One woman who was working near the blast site was treated at the scene for a concussion and ringing in her ears, but none of the 75 employees at the FedEx facility were seriously injured. The facility has since been evacuated while authorities are at the scene.

FedEx released a statement on Tuesday morning that read, "We can confirm that a single package exploded while in a FedEx Ground sortation facility early this morning. One team member is being treated for minor injuries. We are working closely with law enforcement in their investigation."

Federal officials confirmed late Tuesday morning that the package which exploded was mailed from a FedEx store in the south Austin enclave of Sunset Valley. Officials added that the intended target of the bomb was not the FedEx facility or anyone who lives in Schertz, but they would not say what mailing address the bomber put on the package.

Texas Attorney General Ken Paxton would only say that the package was mailed from Austin, and to an Austin home.

Officials with the Sunset Valley Police Department released a statement that said, in part, "The FBI is currently investigating a confirmed link between packages involved in the Austin bombing investigation and a mail delivery office in Sunset Valley. It appears that the source of the suspect packages was a private package delivery office in Sunset Valley."

Details about the other package bomb are scarce. During a press conference on Tuesday, Chief William McManus with the San Antonio Police Department said, "There was one other package that we believe was also loaded with an explosive device that they are working on right now." The San Antonio Police Department is not handling the investigation.

The second box has since been removed from the Schertz distribution center.

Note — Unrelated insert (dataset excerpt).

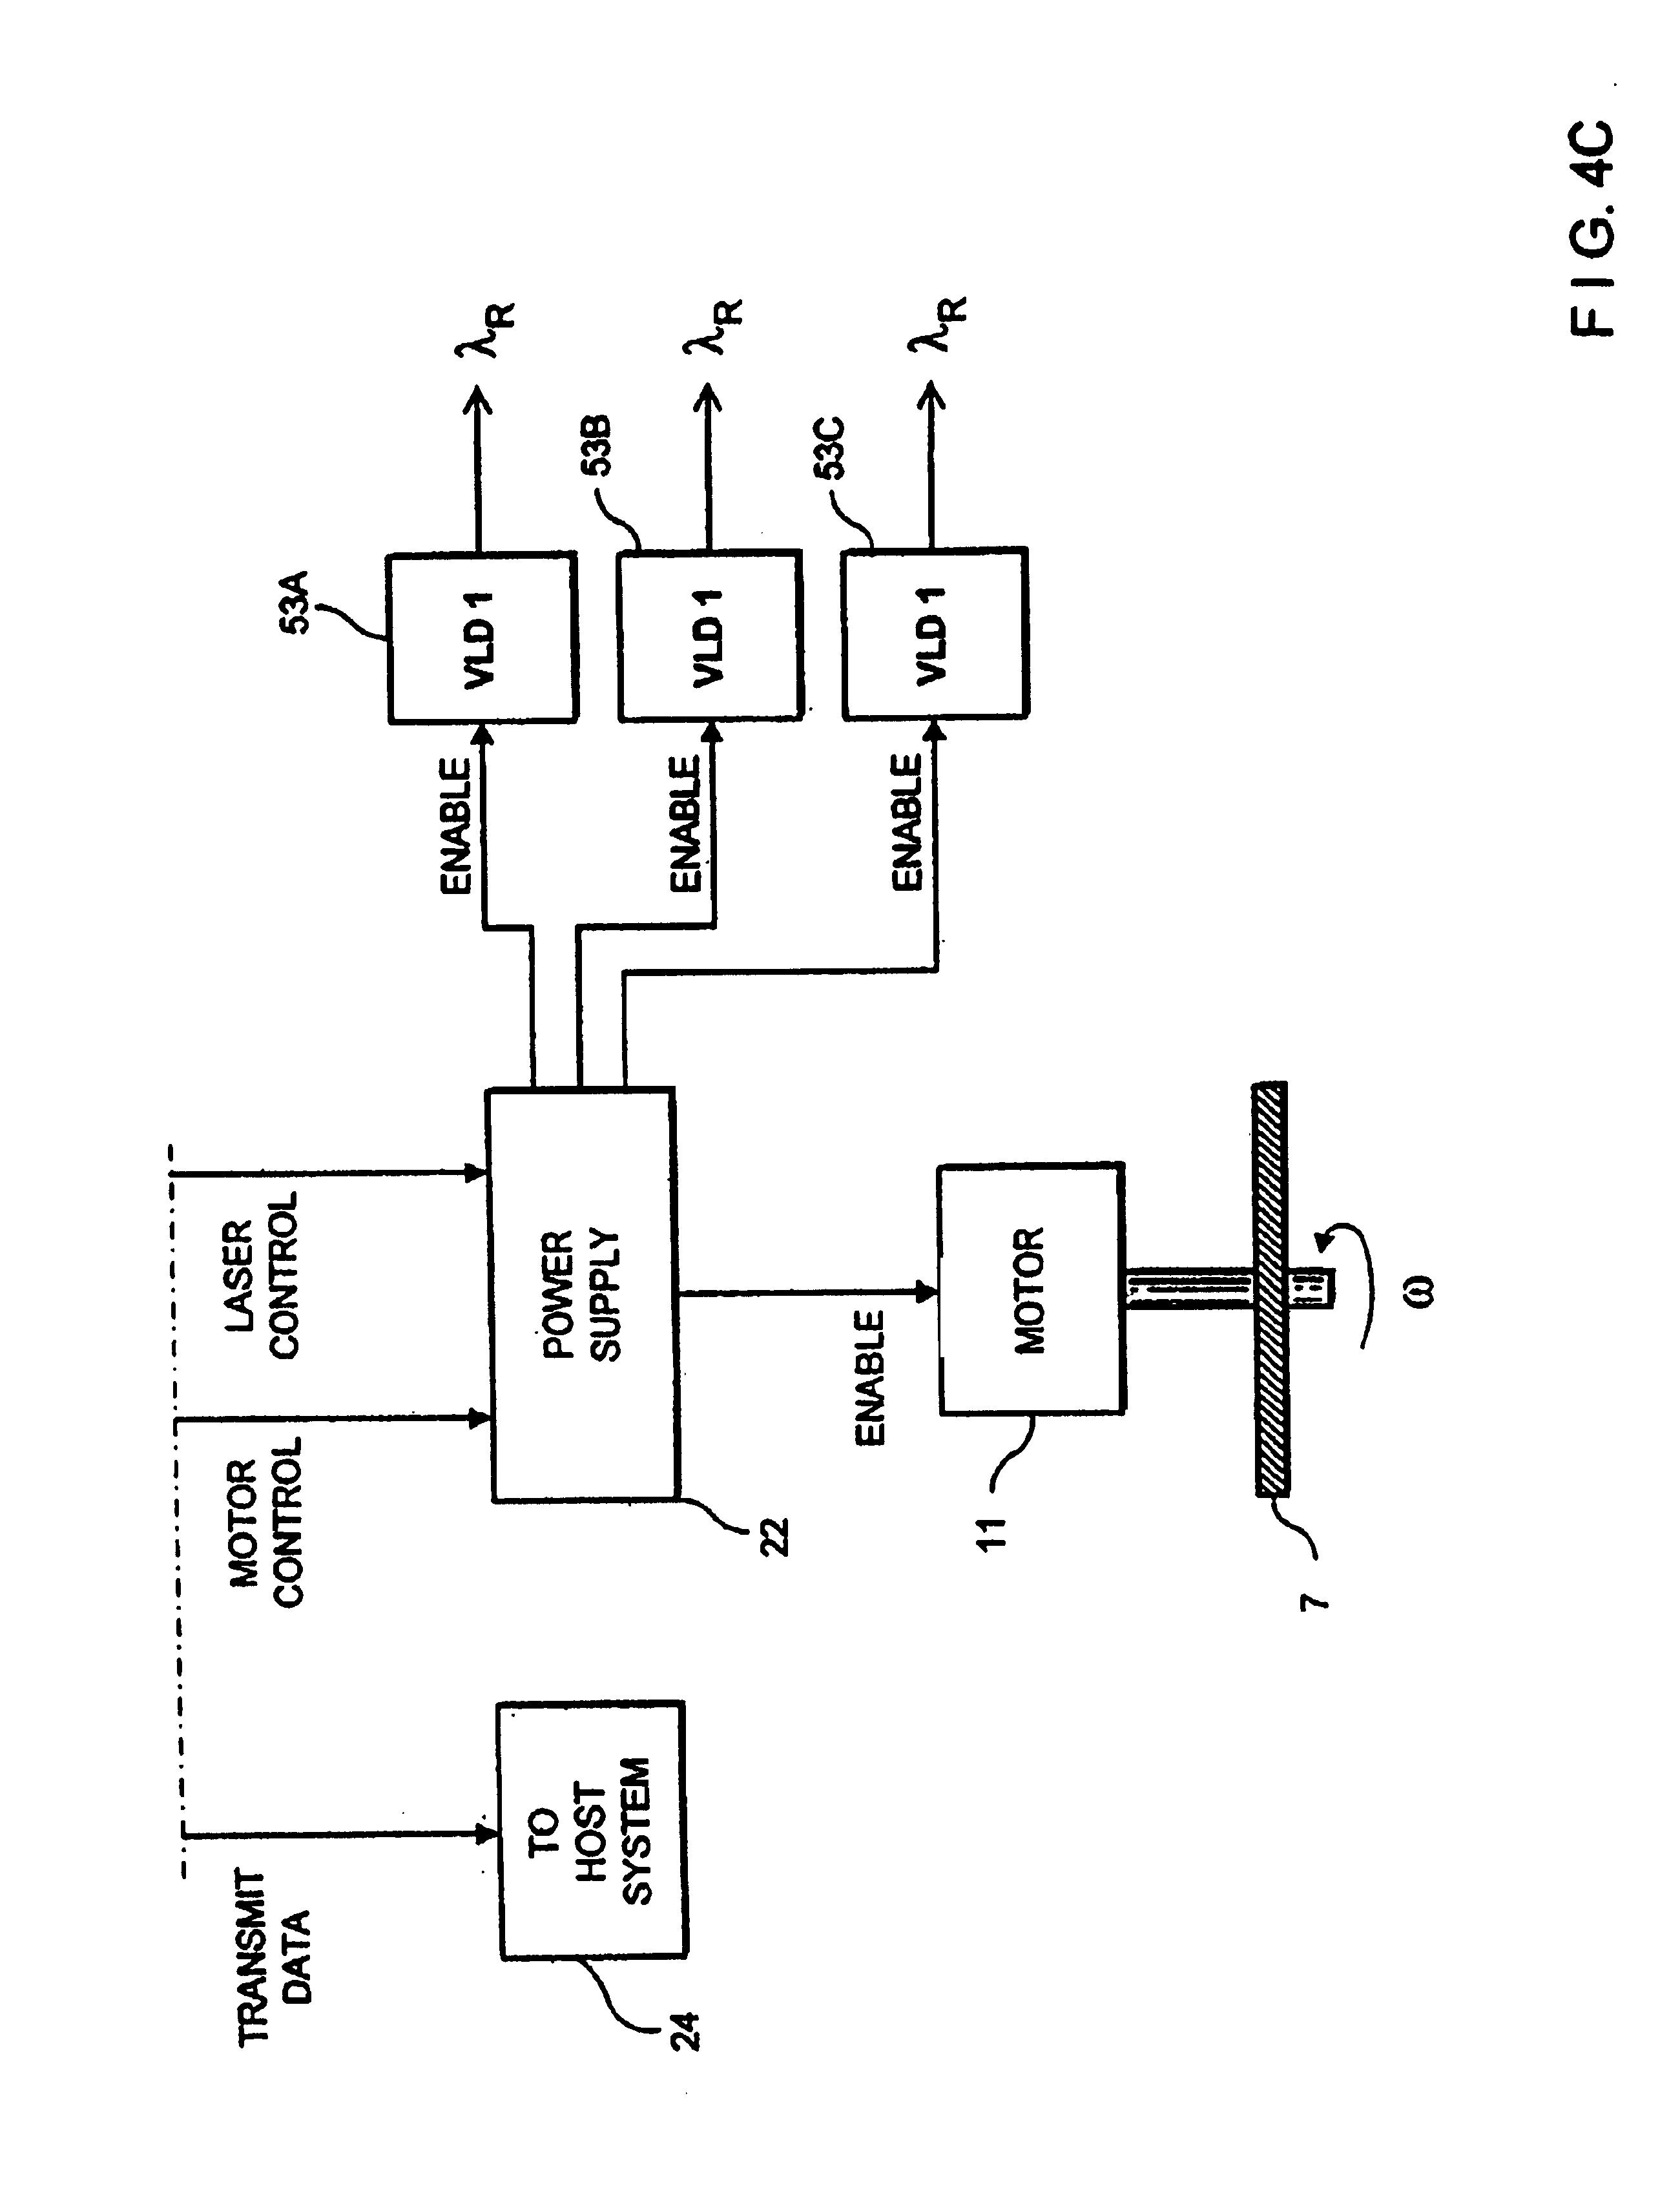 Patent Us 6953153 B2 Rc Car Circuit Finalstage

The facility is now being investigated by several law enforcement agencies including the FBI, ATF and Homeland Security. An FBI agent told CBS News that "it's more than possible" that this package is related to the four which have previously exploded in Austin this month.

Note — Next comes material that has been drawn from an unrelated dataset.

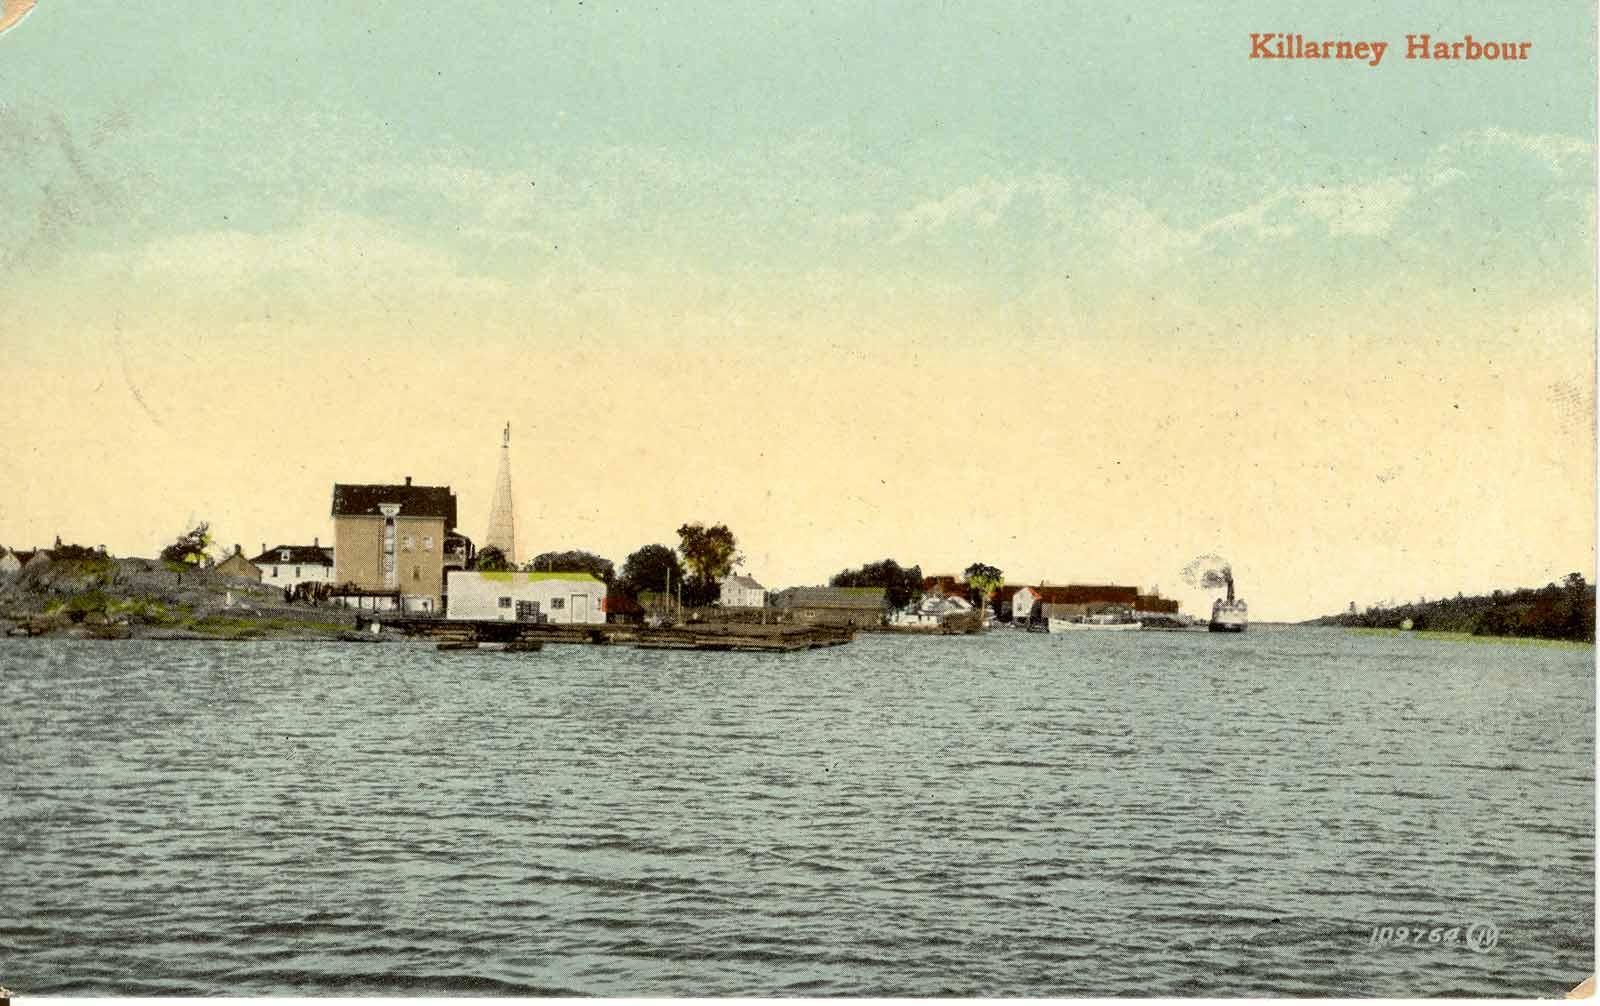 Killarney Harbour

"It would be silly for us not to admit that we suspect it's related," added FBI spokeswoman Michelle Lee.

The most recent explosion in Austin happened Sunday night and injured two people who were walking along a neighborhood road. Authorities believe that the blast was triggered by a tripwire. The first three attacks involved package bombs which were left on the doorsteps of homes.

Two people have been killed in the Austin explosions. The first incident, on March 2, left a 39-year-old man dead. The second explosion, on March 12, killed a 17-year-old man. The third explosion also occurred on March 12. Two additional people were injured in these first three explosions.

"We are clearly dealing with what we expect to be a serial bomber at this point, based on the similarities between what is now the fourth device," said Chief Brian Manley with the Austin Police Department on Monday. He also urged residents, again, to not pick up or approach any suspicious packages.

The Austin Police Department said that, between 8 a.m. on Monday and 8 a.m. on Tuesday, officers responded to 420 suspicious package calls. This means that a total of more than 1,200 suspicious package calls have been investigated in the city since March 12.

Manley also made a public appeal Sunday, and again on Monday, for the bomber to call the authorities, while at the same time announcing that a reward of $115,000 is being offered for information that leads to the arrest of whoever is responsible for the explosions.

In regard to the bombing at the FedEx facility, Manley released a statement early Tuesday. "The Austin Police Department is aware of the incident that has occurred in Schertz," he explained, "and is working closely on the investigation with our federal partners."